The campaign against the Lebanese press throughout the civil war – the Internet didn’t exist – was relentless and cruel.
For emphasis, the cutting of victims’ fingers or hands often marked the killings. These were mostly executed by none other than the Syrian regime of Assad the father, whose son now carries on with the “craft” of killing journalists!
The gagging and atrocities against the media are something I lived with first hand. The fear was always there.
This is why, at Mich Café, I write about journalists, citizen journalists, bloggers and prisoners of conscience gone missing, jailed, tortured, raped and killed in Syria today.
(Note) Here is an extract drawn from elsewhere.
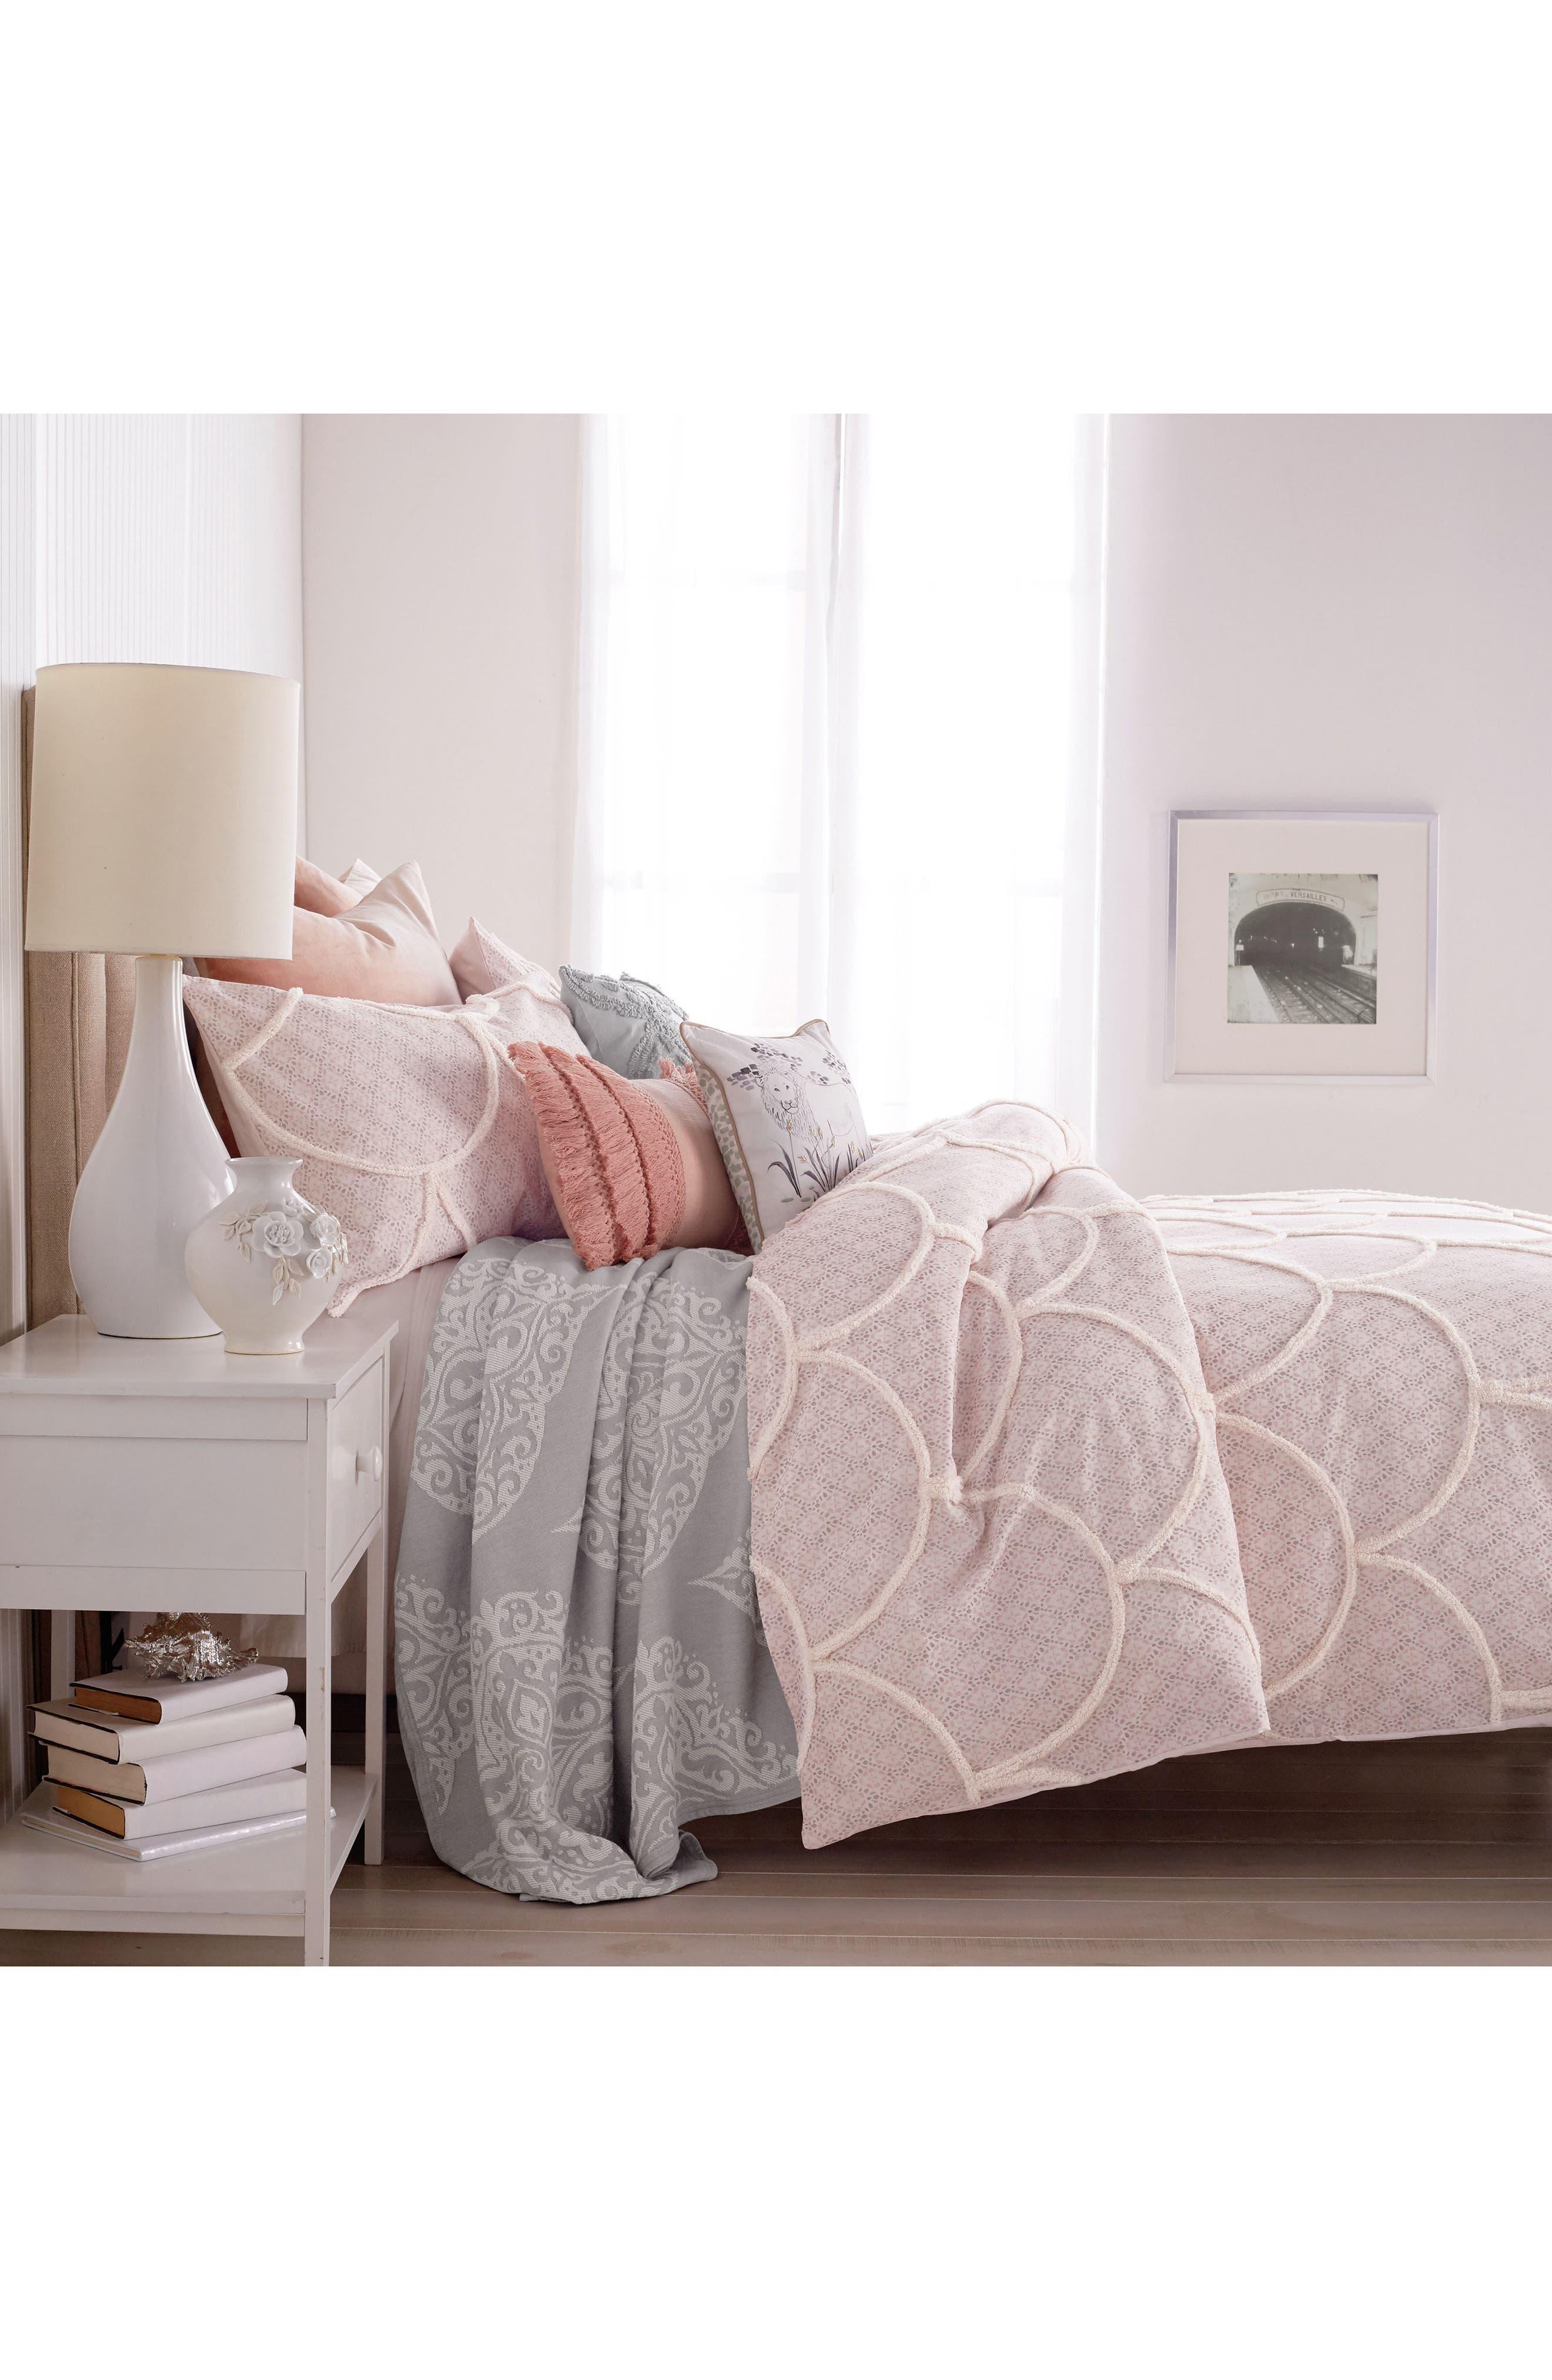 Chenille Scallop Comforter & Sham Set,                             Alternate thumbnail 2, color,                             650

“Safe to Speak: Securing Freedom of Expression in All Media?” is this year’s WPFD theme.
Not a chance!
Wth Najib Azzam and Koko Ohannes |
Krikor Ohannes, who I worked closely
with for 15 years at Monday Morning
magazine, was another.
He was killed in 1986. Koko was our
photographer and we went everywhere together, including to Amman for the wedding of Jordan’s King Hussein to Queen Noor in June 1978.
Most recently, and again at the
hands of the Syrian regime, we lost Marie Colvin. We used to meet often on assignments
in Tunisia and at various conferences. On our last meeting, we cooked spaghetti
together. It remains one of the best.
The late Riad Taha, Salim al-Lawzi, Janet Stevens and Kamel Mroue |
He wrote a six-part series last
year on “The cost of gagging Beirut”:
- The cost of gagging Beirut (1) -- 2 January 2012 – Kamel Mroue: He spoke his mind and went his way
- The cost of gagging Beirut (2) -- 6 January 2012 – Najib Azzam: A rendezvous with death
- The cost of gagging Beirut (3) -- 13 January 2012 – Salim al-Lawzi: His dying thoughts
- The cost of gagging Beirut (4) -- 20 January 2012 – Riad Taha: A posthumous message
- The cost of gagging Beirut (5) -- 27 January 2012 – Janet Lee Stevens: American Arabist in “Slaughterhouse Lebanon”
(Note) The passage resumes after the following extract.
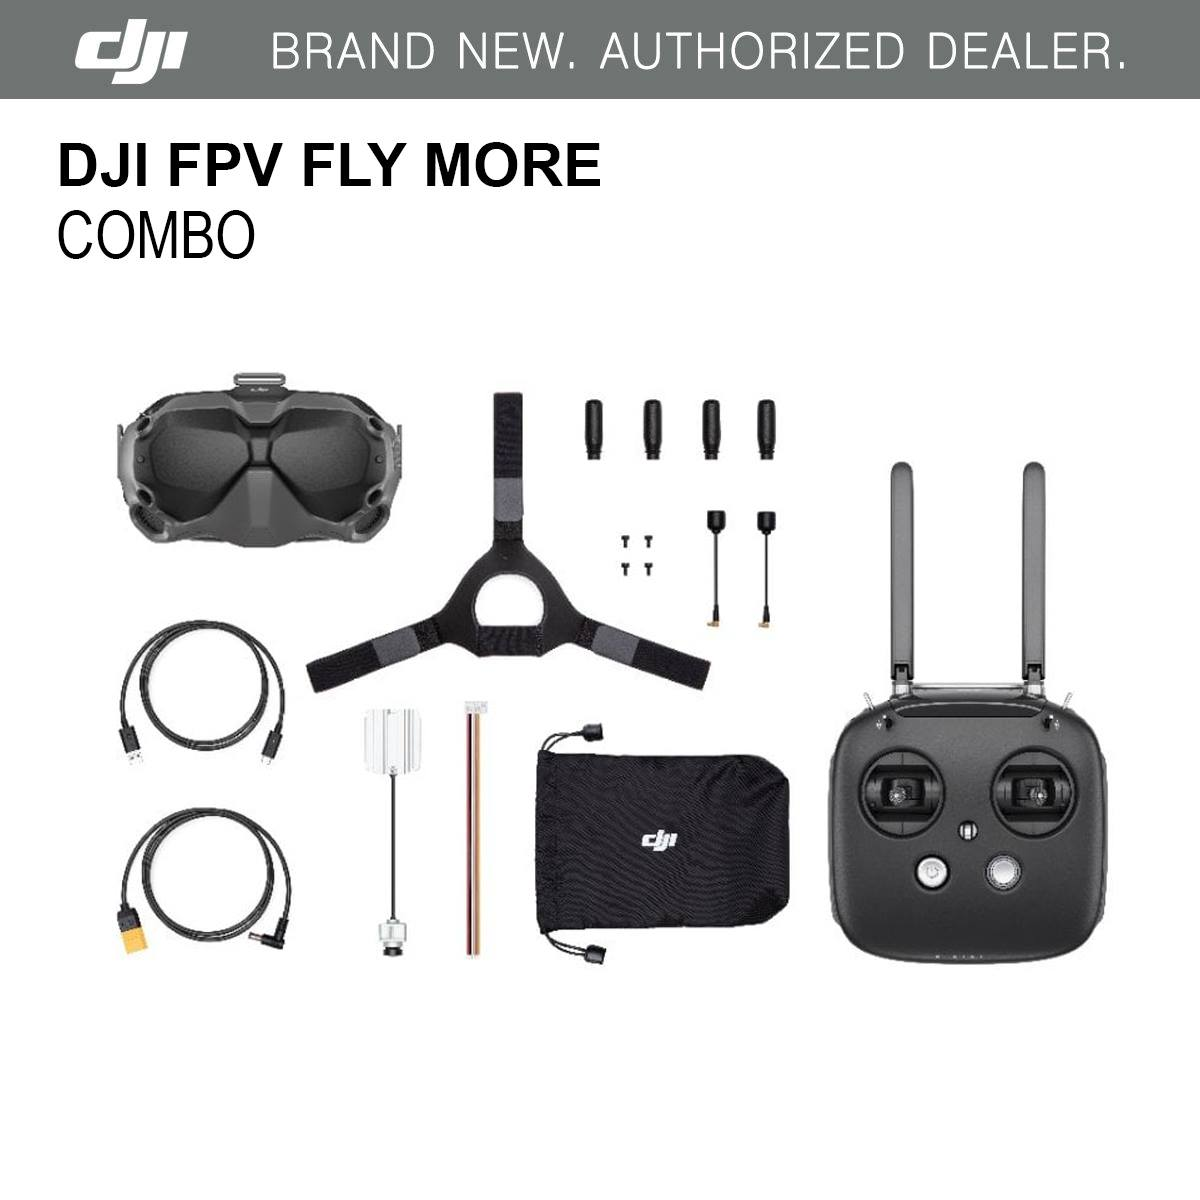 DJI FPV Fly More Combo

- The cost of gagging Beirut (6) -- 28 February 2012 – Krikor Ohannes: The baby panda shot in the face
“Safe to Speak?” No.
There is no free press. It is difficult to get objective opinion and
analysis. Maybe this is where blogs take over from traditional media in that
you can read native writers on the ground, who understand a region, a culture, the
language and can report on it.
World Press Freedom Day on May
3 celebrates the fundamental principles of press freedom; to evaluate press
freedom around the world, to defend the media from attacks on their
independence and to pay tribute to journalists who lost their lives in the
exercise of their profession.
May 3 was proclaimed World Press Freedom Day at the UN General
Assembly in 1993 following a Recommendation by African journalists in Namibia
and adopted, as the Windhoek Declaration, at the 26th session of UNESCO's
General Conference in 1991.
WPFD informs of violations of press freedom -- a reminder that in
dozens of countries around the world, publications are censored, fined,
suspended and closed down, while journalists, editors and publishers are
harassed, attacked, detained and even murdered, UNESCO writes.
WPFD is also a day of remembrance for those journalists who lost
their lives in the exercise of their profession.
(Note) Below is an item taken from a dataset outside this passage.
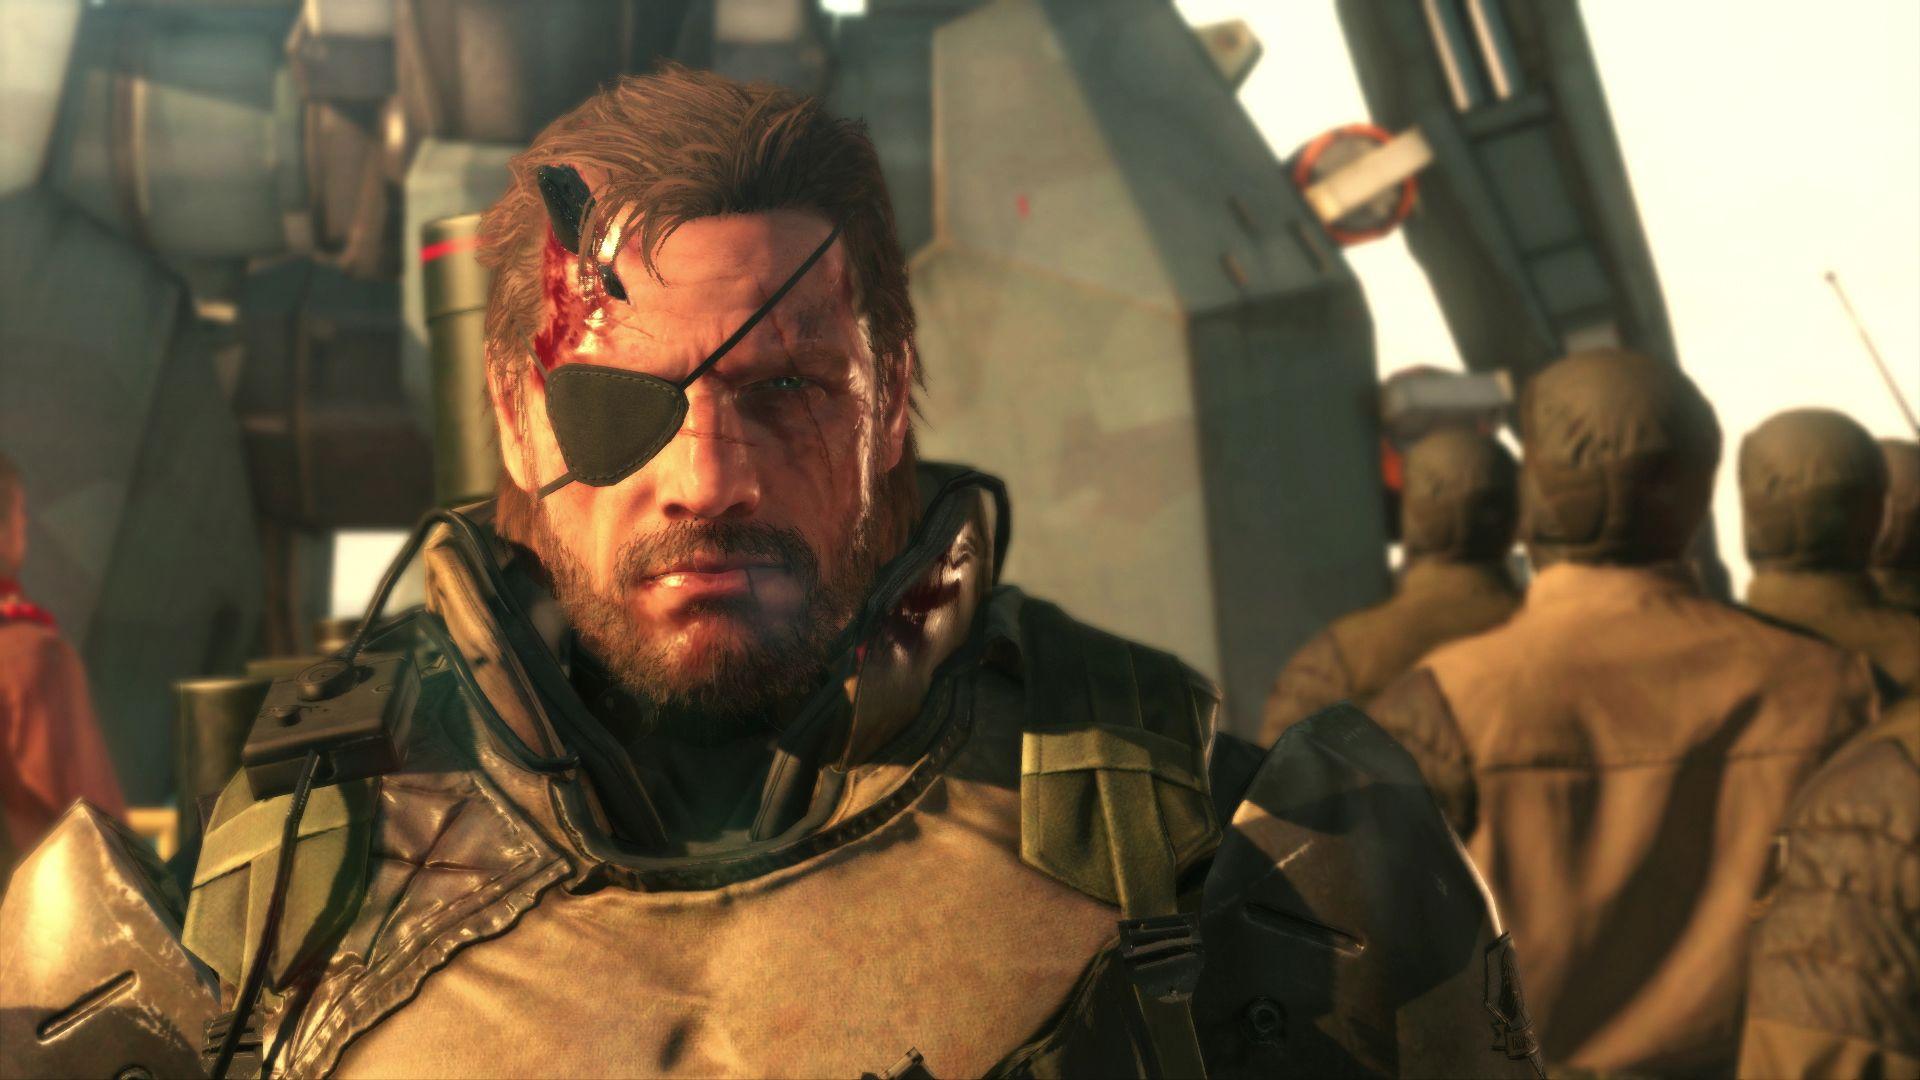 Spousta nových HD obrázků z Metal Gear Solid V: The Phantom Pain 110498

The Windhoek perspective applies equally today to broadcasting
and digital media platforms as mobile phones, the Internet and satellites are
becoming more central to all communications.
In 2012 alone, UNESCO condemned the killings of 121
journalists -- almost double the annual figures of 2011 and 2010.
In addition, it says, there continues to be widespread
harassment, intimidation, arbitrary arrest and online attacks on journalists in
many parts of the world.
To compound the problem, the rate of impunity for crimes
against journalists, media workers and social media producers remains extremely
high.
World Press Freedom? Not yet, but we keep fighting for it.
We keep fighting for it to honor those who paid the ultimate
sacrifice and have lost their lives to relay the message.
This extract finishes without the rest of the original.